Here's everything you need to know before getting a septum piercing, from pain to jewelry choice
Getting a piercing is no small decision. Even if you’re a body mod veteran actively planning your next batch of jewelry, it’s crucial to know what you’re getting yourself into. And while there is a great big sea of piercing options, septum piercings have been everywhere for longer than a hot minute.
For those unfamilar with this particular piercing, septum piercings run through the thin piece of skin in front of the cartilaginous division of the nasal septum (aka between the nostrils). As with other nose piercings, the jewelry comes in different shapes and sizes, and offerings include everything from rose gold horseshoes to opal studded barbells.
Whether we see them on a fashionable girl in the basement of a DIY punk show or they’re making a million-dollar red carpet appearance on celebs like Zoe Kravitz, or Rihanna, the reign of the septum piercing is certainly going strong. In order to learn more about what to expect from the piercing process itself, we talked with Allison Minor of Chicago Tattooing and Piercing Company.
She gave us the nitty gritty on how to best prepare yourself for the piercing, and the best ways to avoid infection.
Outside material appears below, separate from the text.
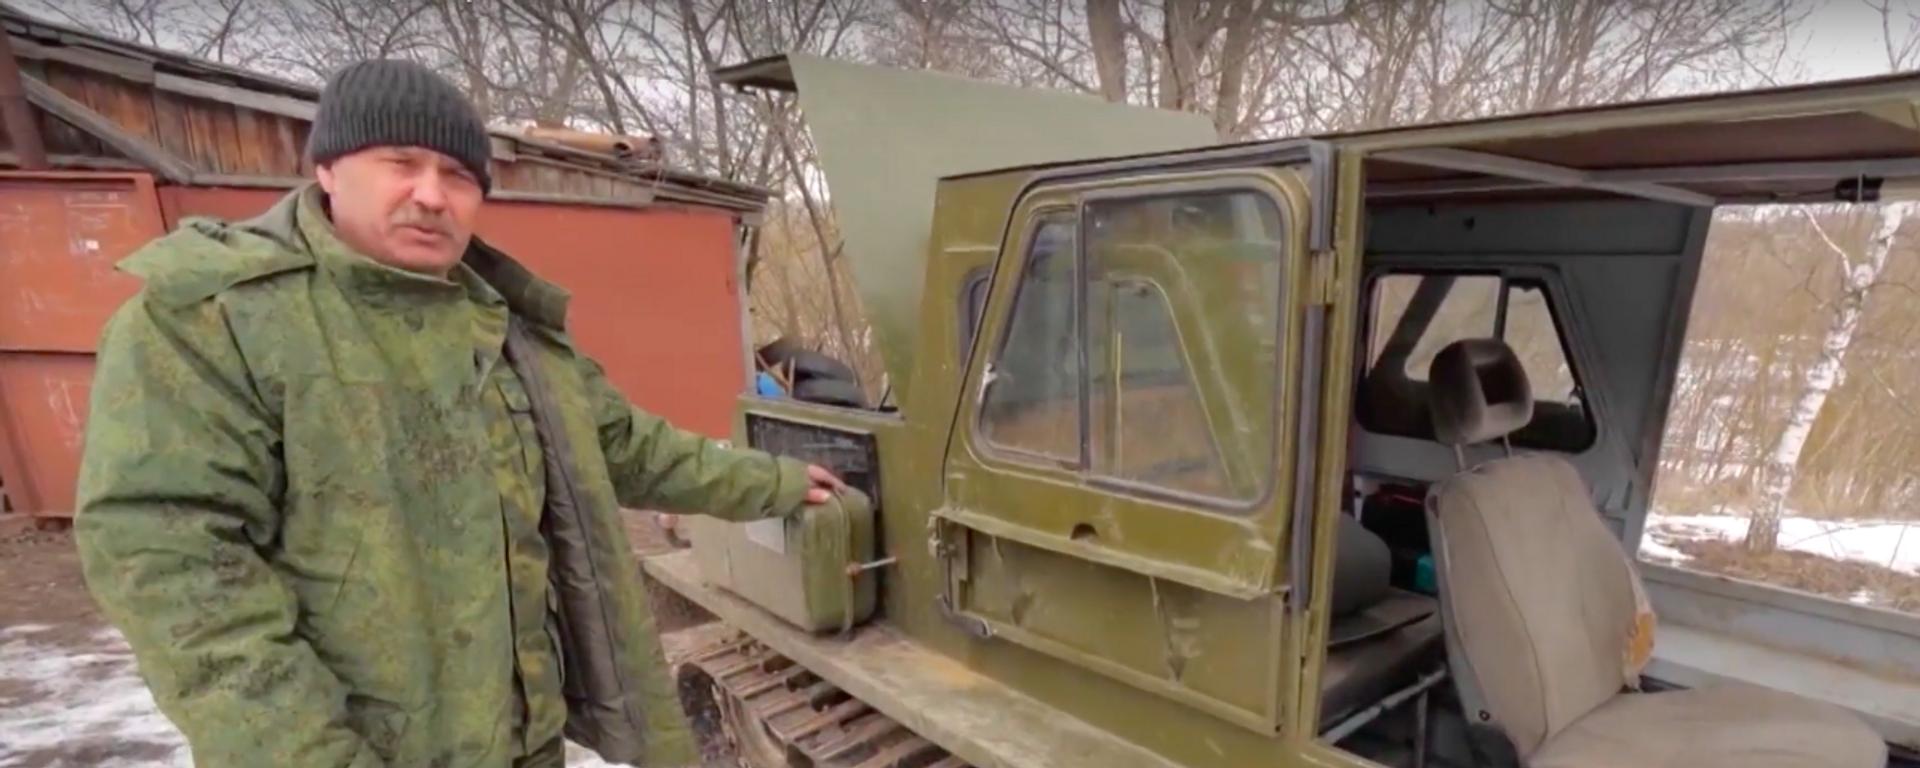 Un militar jubilado construye un tanque con sus propias manos en Rusia - Sputnik Mundo, 1920, 18.04.2021

If you’re currently weighing the possibility of a septum piercing, Minor’s got the 411.
When it comes to preparation, Minor says it’s crucial to make sure you don’t go into the parlor with a runny nose or any kind of nasal congestion. Beyond that, you should be good to go. “Just make sure you’re not sick, because blowing your nose with a fresh piercing is uncomfortable and will lengthen your heal times,” explains Minor. “Make sure you’re reasonably hygienic and blow and clean your nose the day of. The piercer will do all the cleaning we need, we just don’t want to be covered in snot.”
One of the biggest questions looming over any piercing decision is: How likely will I get infected?! Because of the unique placement between your nostrils, septums have a low chance of infection. “Because the piercing in the mucous membrane, the wound is pretty much self cleaning,” says Minor. “In my 10 years I’ve only seen problems with septum piercings when people put really low quality jewelry in the piercing.”
While ear piercings only take a month to heal (unless you’re going for the cartillage), Minor shared that the full healing time for septums is much longer. On average, it takes the body 4-6 months to heal a septum piercing, oftentimes even longer. “For a truly healed piercing that you can swap out on the regular, you’ll need to wait one and a half to two years,” states Minor. “But if you’re not planning to regularly change jewelry, it’s mostly sealed up by the fourth or fifth month.”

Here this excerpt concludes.